Problem description
Copy each line below as written, but skip the pictures.

Supplied information

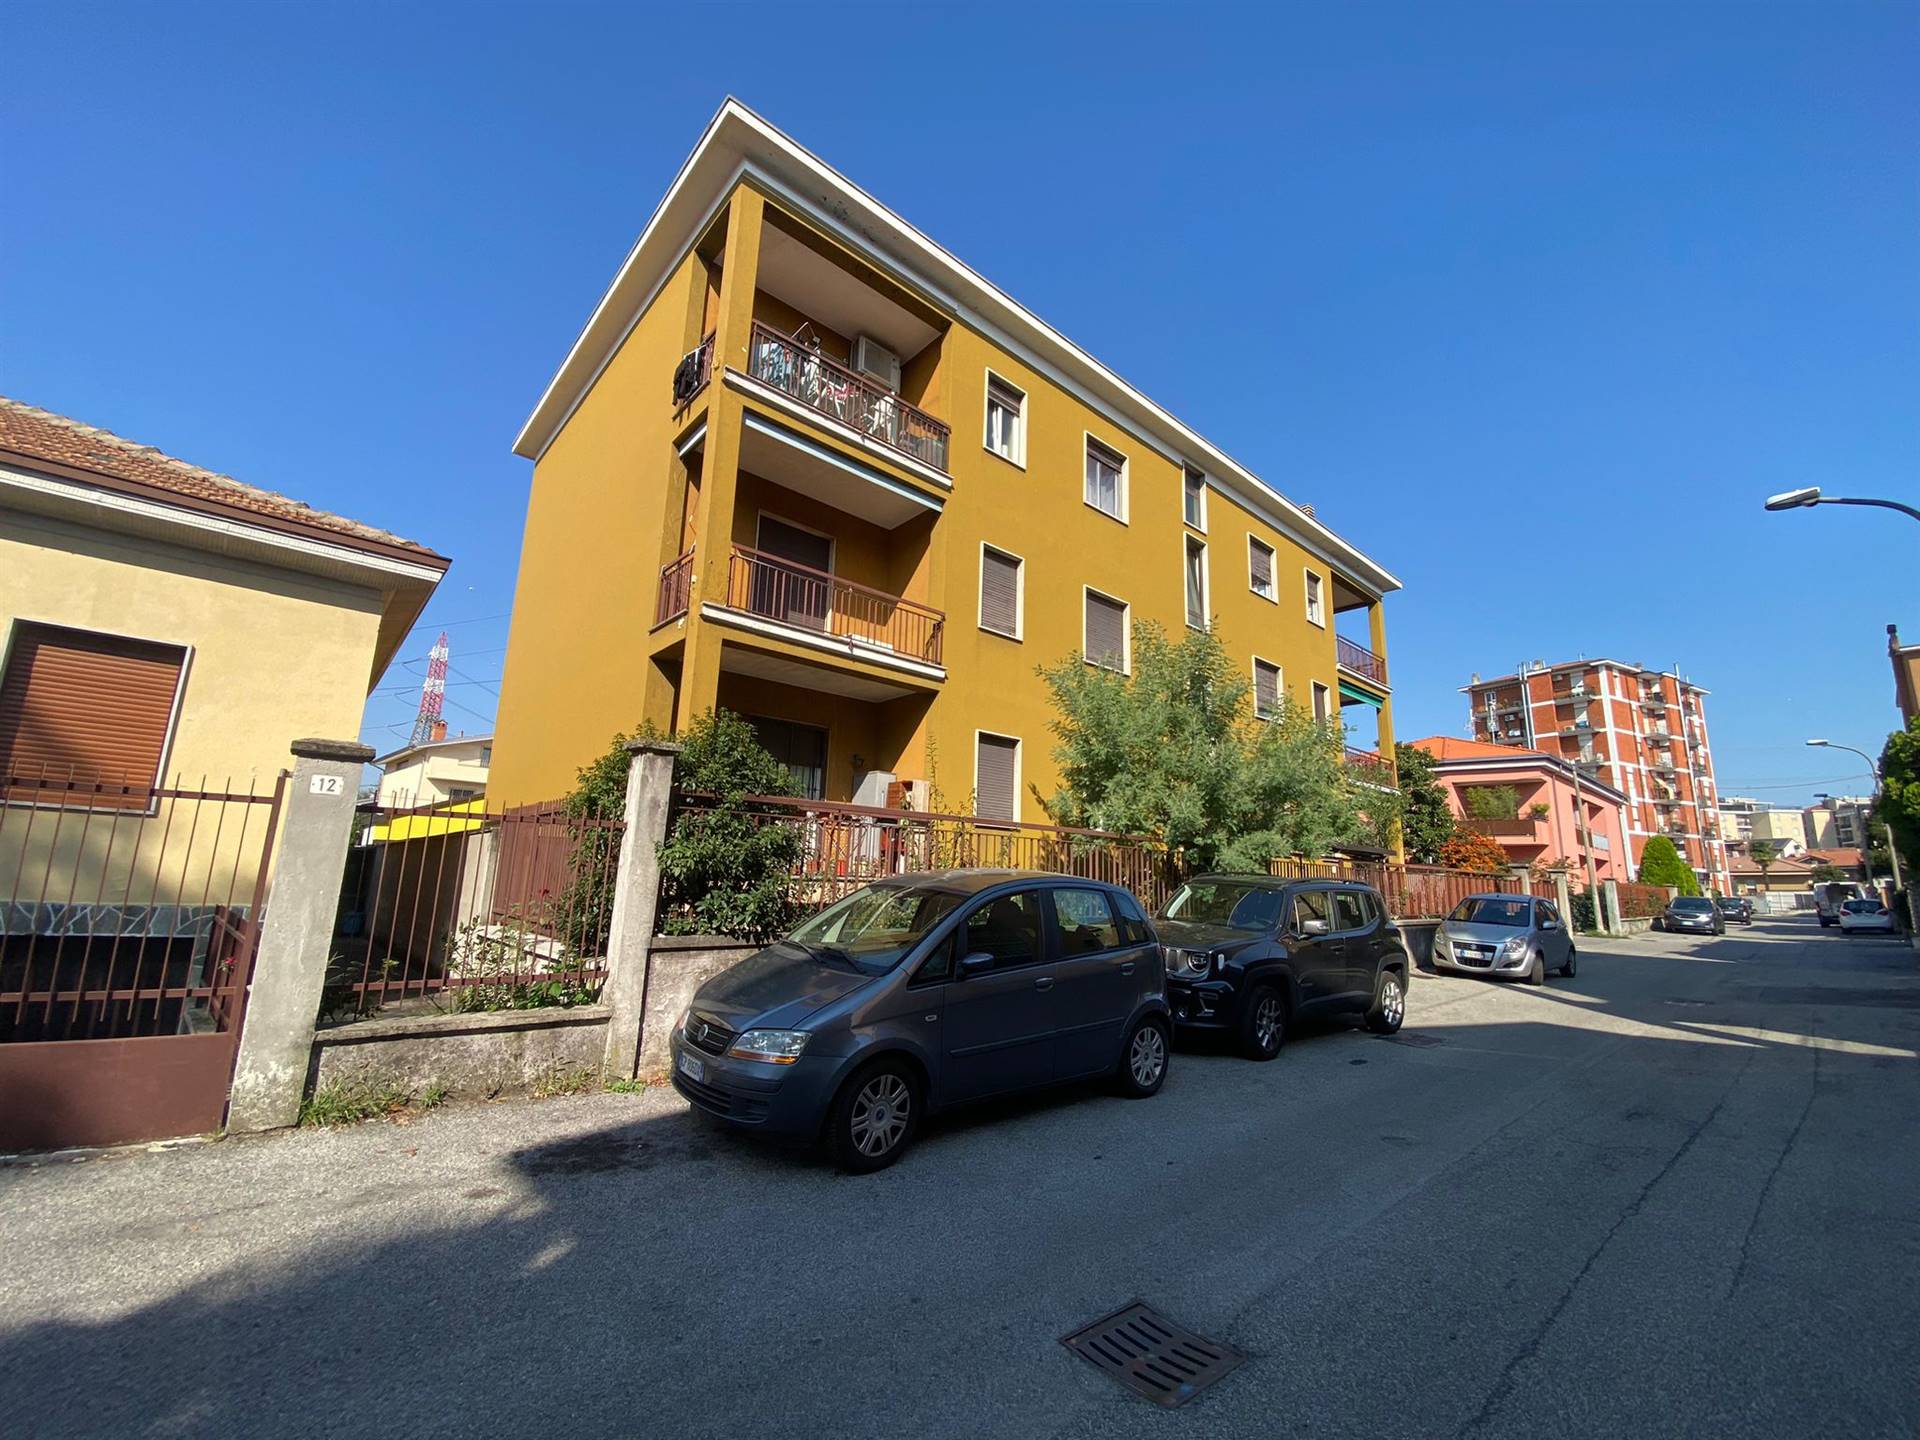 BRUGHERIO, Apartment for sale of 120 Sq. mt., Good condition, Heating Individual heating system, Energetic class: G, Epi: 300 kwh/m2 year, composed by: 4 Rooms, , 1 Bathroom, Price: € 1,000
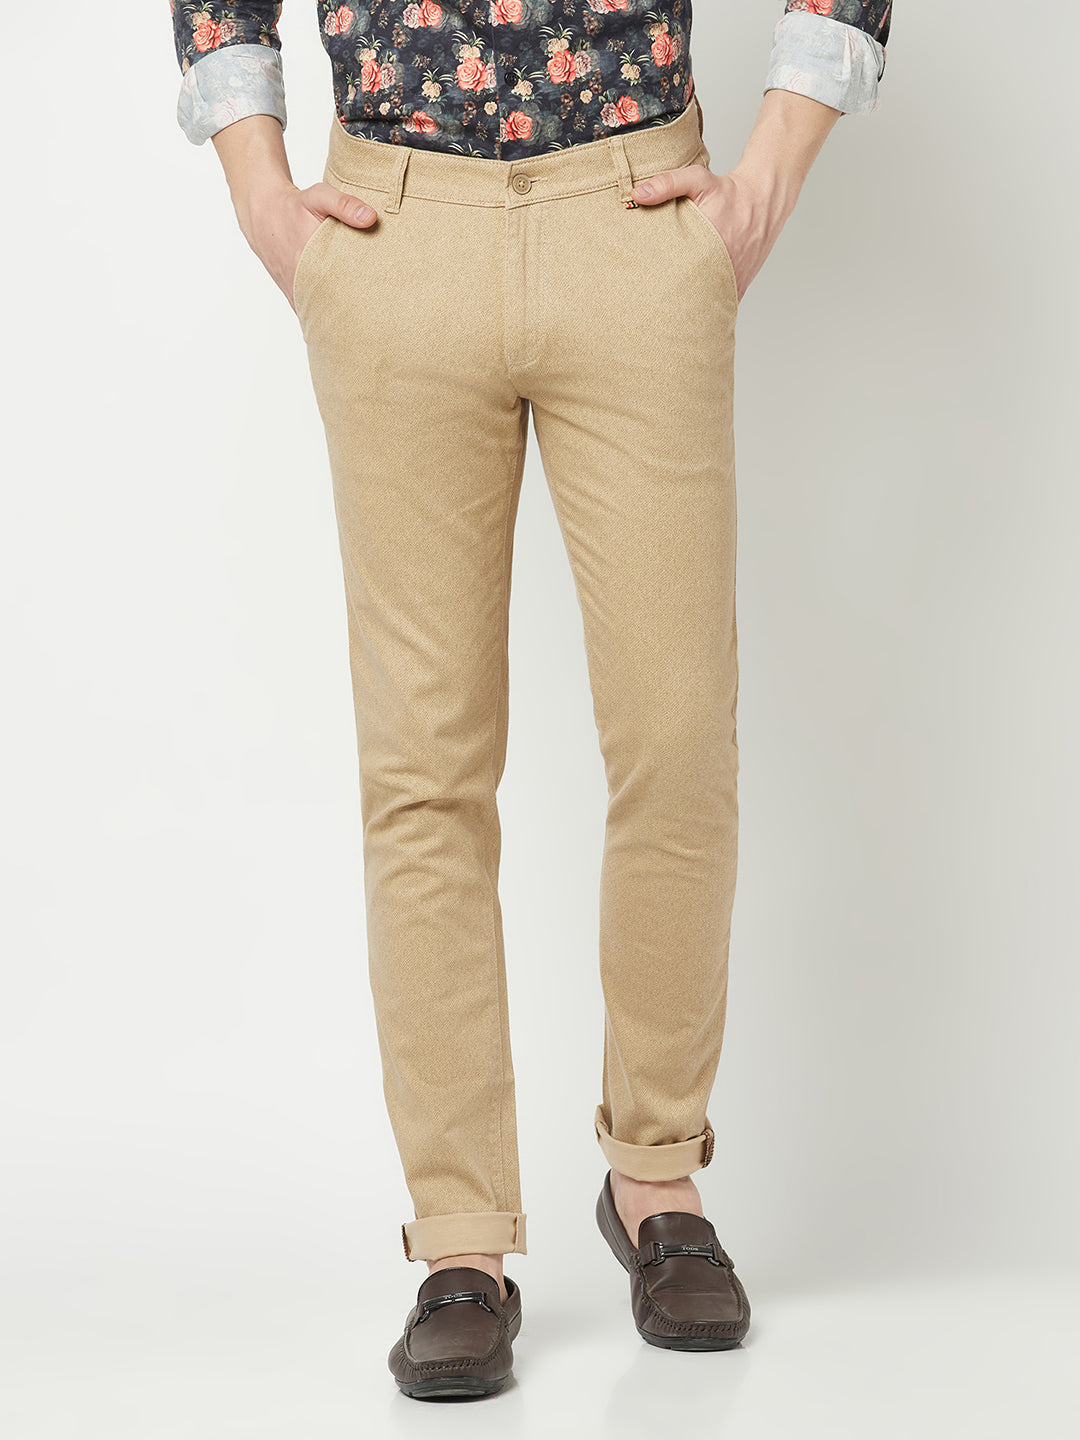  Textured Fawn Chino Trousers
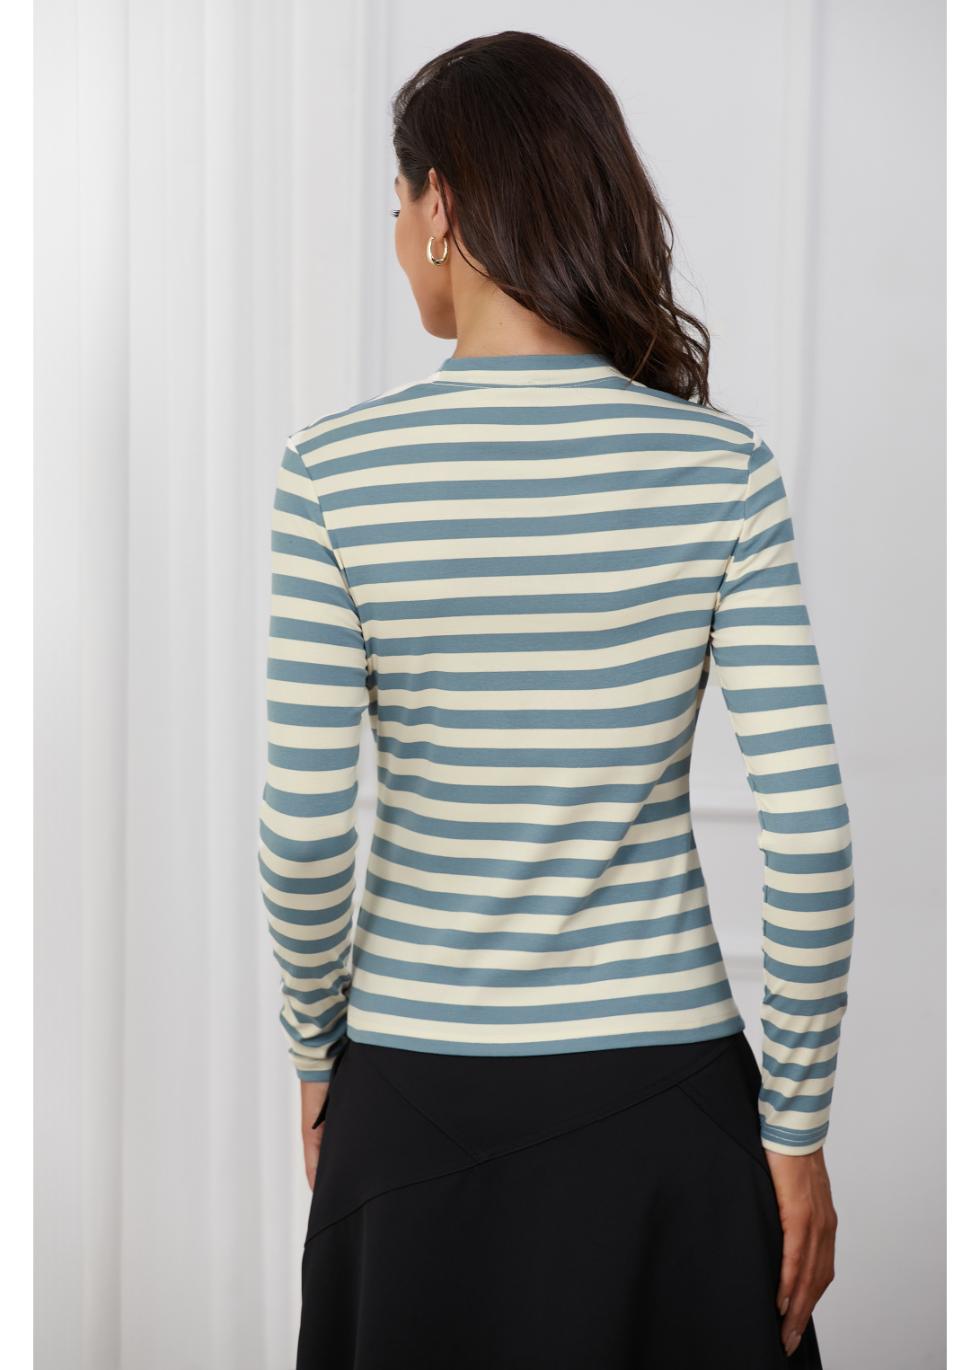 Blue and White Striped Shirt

Response area
 BRUGHERIO, Apartment for sale of 120 Sq. mt., Good condition, Heating Individual heating system, Energetic class: G, Epi: 300 kwh/m2 year, composed by: 4 Rooms, , 1 Bathroom, Price: € 1,000
  Textured Fawn Chino Trousers
 Blue and White Striped Shirt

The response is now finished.